Traditionally, pulimunchi paste is the Bunt equivalent of Meet Mirsang with just a slight tweak in ratios. But in modern day lingo the word has come to denote a tamarind heavy, spicy, thick gravy which is the star of the show, whether it’s been cooked with chicken, fish or prawns. Pulimunchi powder is now available from a host of different brands. Some are better than others, so make sure you try a few before you make your choice.

Bafat Pito (Powder)

This was the first of the Mangalorean masalas to be available pre-packaged, and I personally know a number of staunchly anti-powder housewives who have become converts. Besides the famed pork bafat, the powder can be used in a number of dishes both vegetarian and non-vegetarian, and always imparts a wonderful colour and aroma, not to mention flavour.

Vegetable Powder

Unlike bafat pito, Mangalorean Vegetable Powder is a well kept secret that is often behind some of the most iconic recipes and dishes to grace a Mangalorean table. Prime examples are kombo mootlien and kubey mootlien, rice and coconut dumplings cooked with chicken and cockles respectively, served in a thick gravy made of fried coconut, Vegetable Powder and little else.  I’m sure you’ve figured out by now that Vegetable Powder can be used to cook a lot more than just vegetables!

Ghee Roast

Yes, believe it or not, even this most mind-boggling of Mangalorean specialities is now available in a powder form! While chicken is the preferred vehicle of choice, prawn and crab also make excellent ghee roasts. As with the pulimunchi, make sure you experiment with different brands before settling on one. And to get that truly authentic taste, add a good amount of cashew nut paste.

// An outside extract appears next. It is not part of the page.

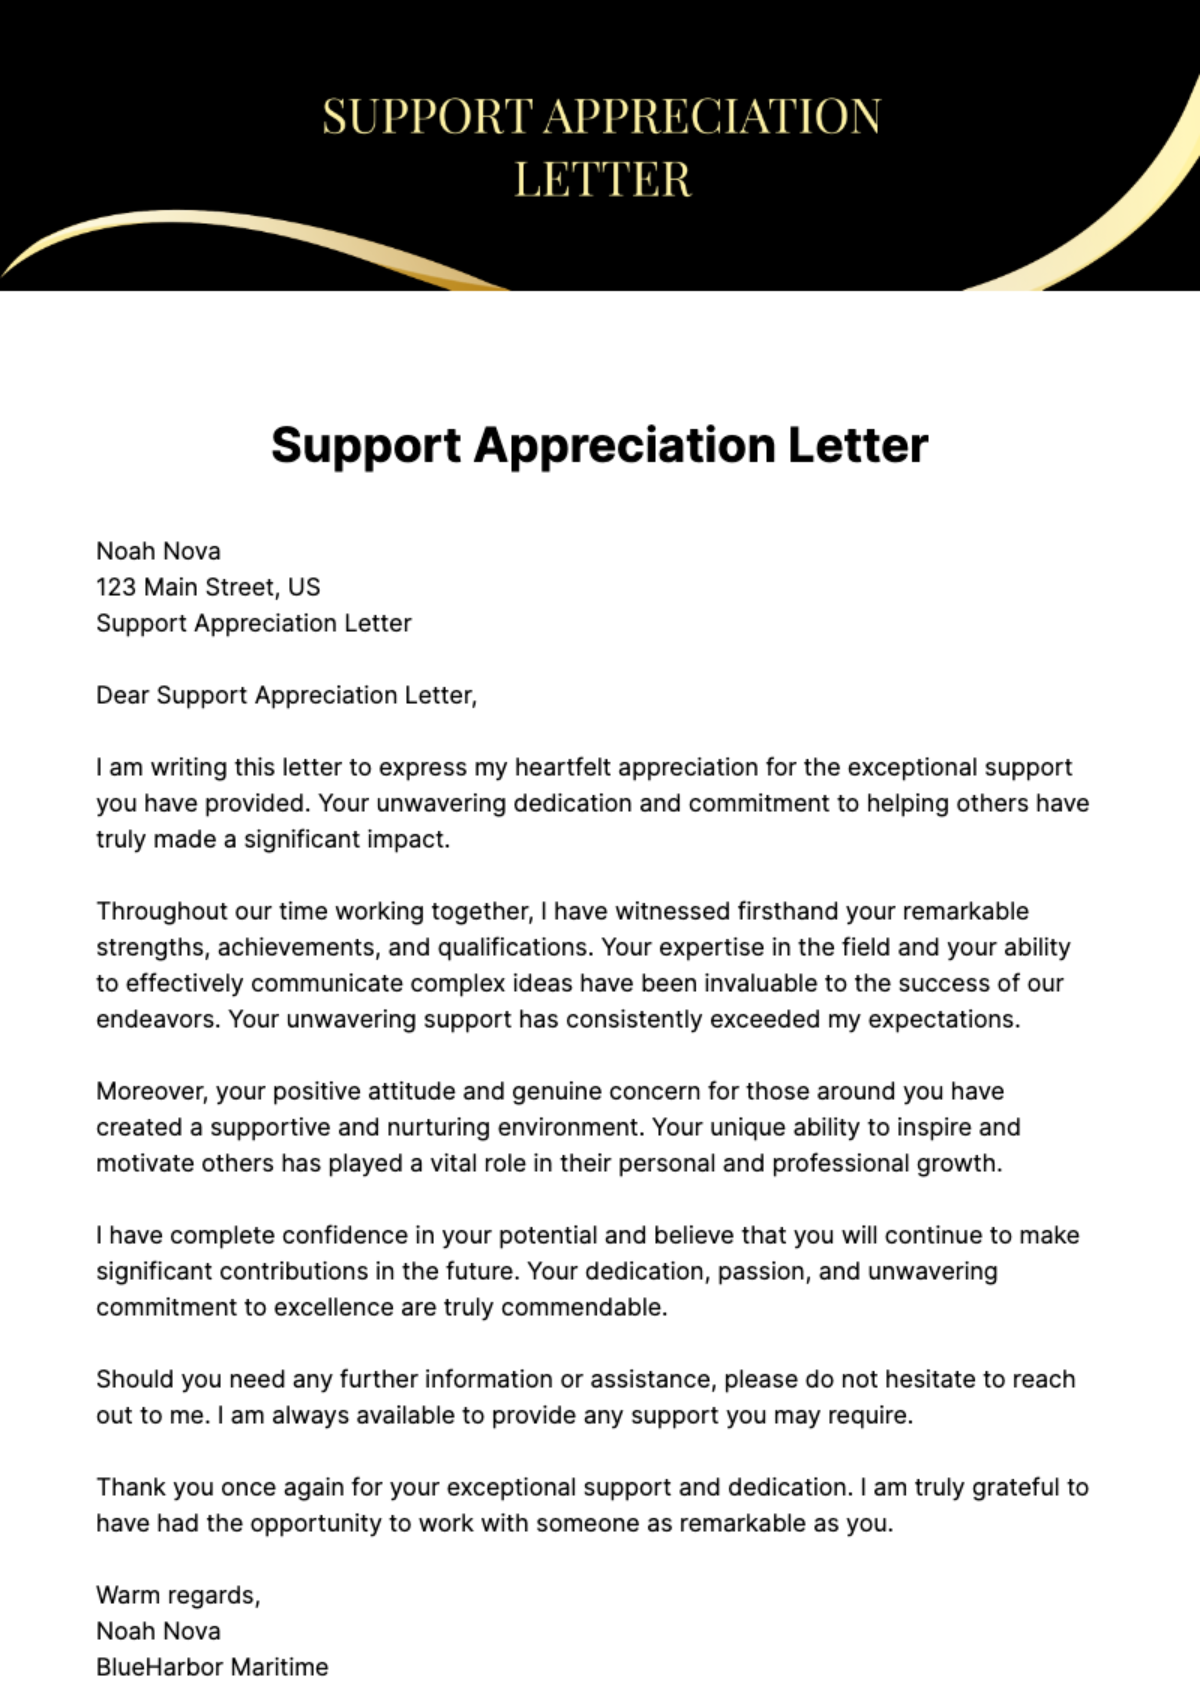 Support Appreciation Letter Template

Caution: If you want a full range of choices when it comes to brands, you’re going to have to visit the coastal city yourself; having said that, Mangalorean stores in Bangalore do offer a fairly decent selection.

My favourite way to eat fish is if it is shallow fried with meet mirsang. Here’s a simple recipe.

Coastal delicacy

Ingredients: Whiting (kaane): 2, meet mirsang: 2 tablespoons, oil for frying.

Method: Clean the fish well. Dry with paper towels and make horizontal slits along the length of the fish. Marinate the cleaned fish in the meet mirsaang paste for a minimum of 10 minutes and a maximum of half an hour. Heat the oil in a cast-iron tawa until very hot. Place the fish carefully in the oil and reduce the heat slightly. Do not move the fish until it is done on that side. Then turn it over and cook the other side. Add more oil as necessary to keep the masala from burning.

Tip: This recipe can be used to cook any white fish. It’s excellent with pomfret, seer fish and shetkas.